Fontel Mines

Virginia Tech Hokies
- Title: Assistant head coach & wide receivers coach

Personal information
- Born: February 26, 1985 (age 41) Richmond, Virginia, U.S.
- Listed height: 6 ft 4 in (1.93 m)
- Listed weight: 244 lb (111 kg)

Career information
- College: Virginia
- NFL draft: 2007: undrafted

Career history

Playing
- Chicago Bears (2007–2009);

Coaching
- Chowan (2011) Wide receivers coach; Richmond (2012–2013) Wide receivers coach; Richmond (2014) Tight ends coach; Richmond (2015) Wide receivers coach; Washington Redskins (2015) Minority internship; Delaware (2016) Wide receivers coach; James Madison (2017) Inside receivers coach; East Carolina (2018–2020) Inside receivers coach & recruiting coordinator; Old Dominion (2021) Tight ends coach; Virginia Tech (2022–2023) Wide receivers coach; Virginia Tech (2024–present) Assistant head coach & wide receivers coach;

= Fontel Mines =

American football player and coach (born 1985)
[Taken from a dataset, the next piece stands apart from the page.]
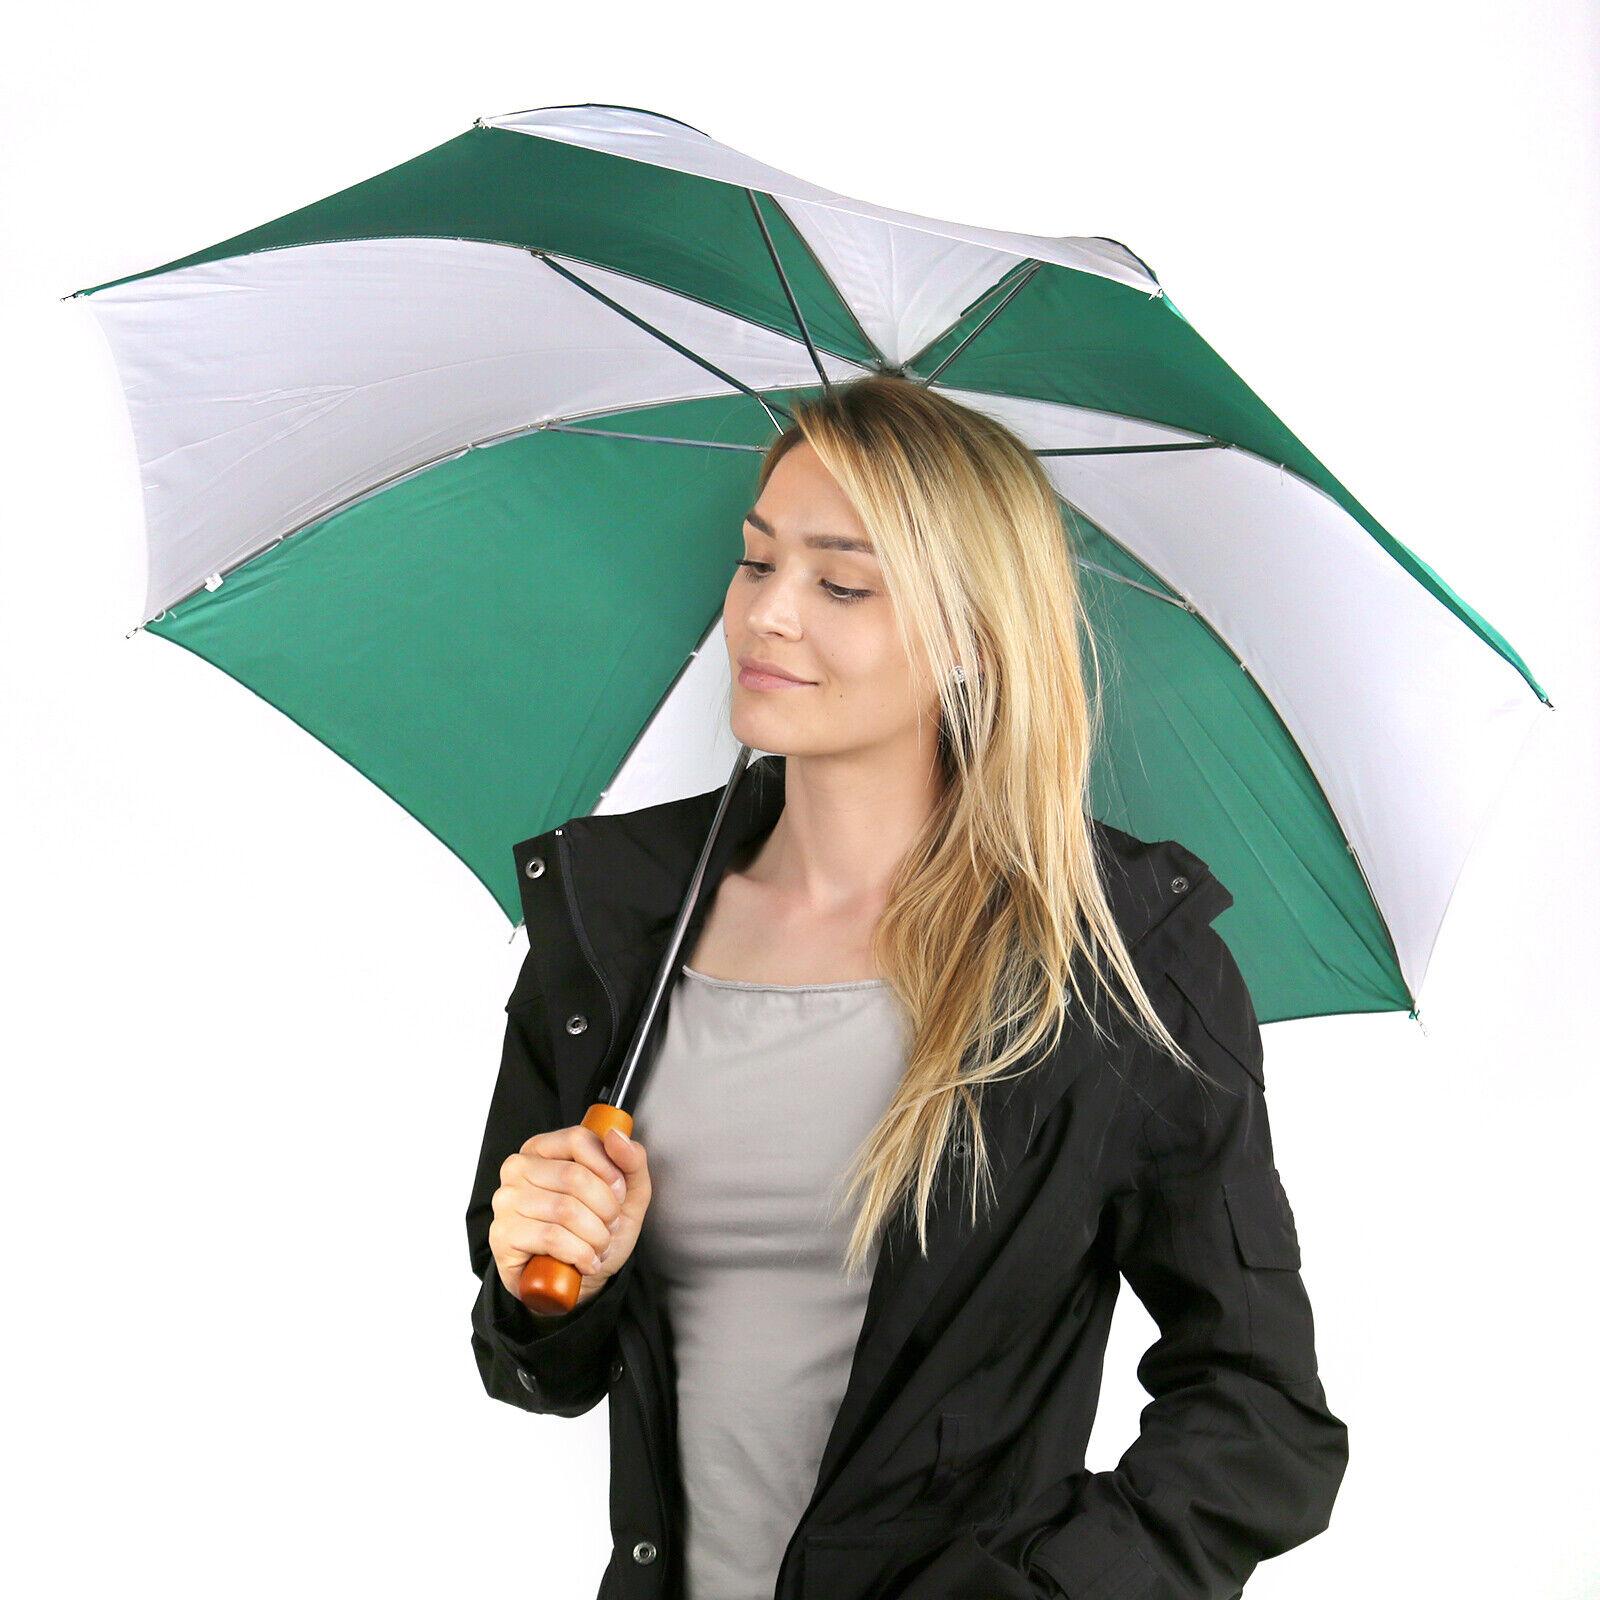 2er SET Regenschirm Stockschirm Automatik Golfschirm Holzgriff stabil grün weiß

Fontel Mines (born February 26, 1985) is an American football coach and former tight end. He is the assistant head coach, wide receivers coach, and offensive recruiting coordinator for Virginia Tech. He previously was the tight end coach for the Old Dominion Monarchs. He played college football at Virginia for coach Al Groh from 2002 to 2006 and played in the National Football League (NFL) for 3 seasons from 2007 to 2009.

==Early life==
Mines attended Hermitage High School in Richmond, Virginia and was a student and a letterman in football and basketball. In football, as a senior, he was a first-team Group AAA All-state selection and made 37 receptions for 674 yards and ten touchdowns.

==College career==
Mines played collegiately at the University of Virginia. He played in 42 games, starting 20. He had 68 career receptions for 737 yards and 5 touchdowns.

==Professional career==

===Chicago Bears===
Mines was signed to the Chicago Bears practice squad on September 2, 2007. They signed him to the active roster on December 26, 2007.

After spending the 2008 season on the Bears' practice squad, Mines was re-signed to a future contract on December 29, 2008. He was waived/injured on August 25 and subsequently reverted to injured reserve.

Mines was waived by the Bears on March 1, 2010.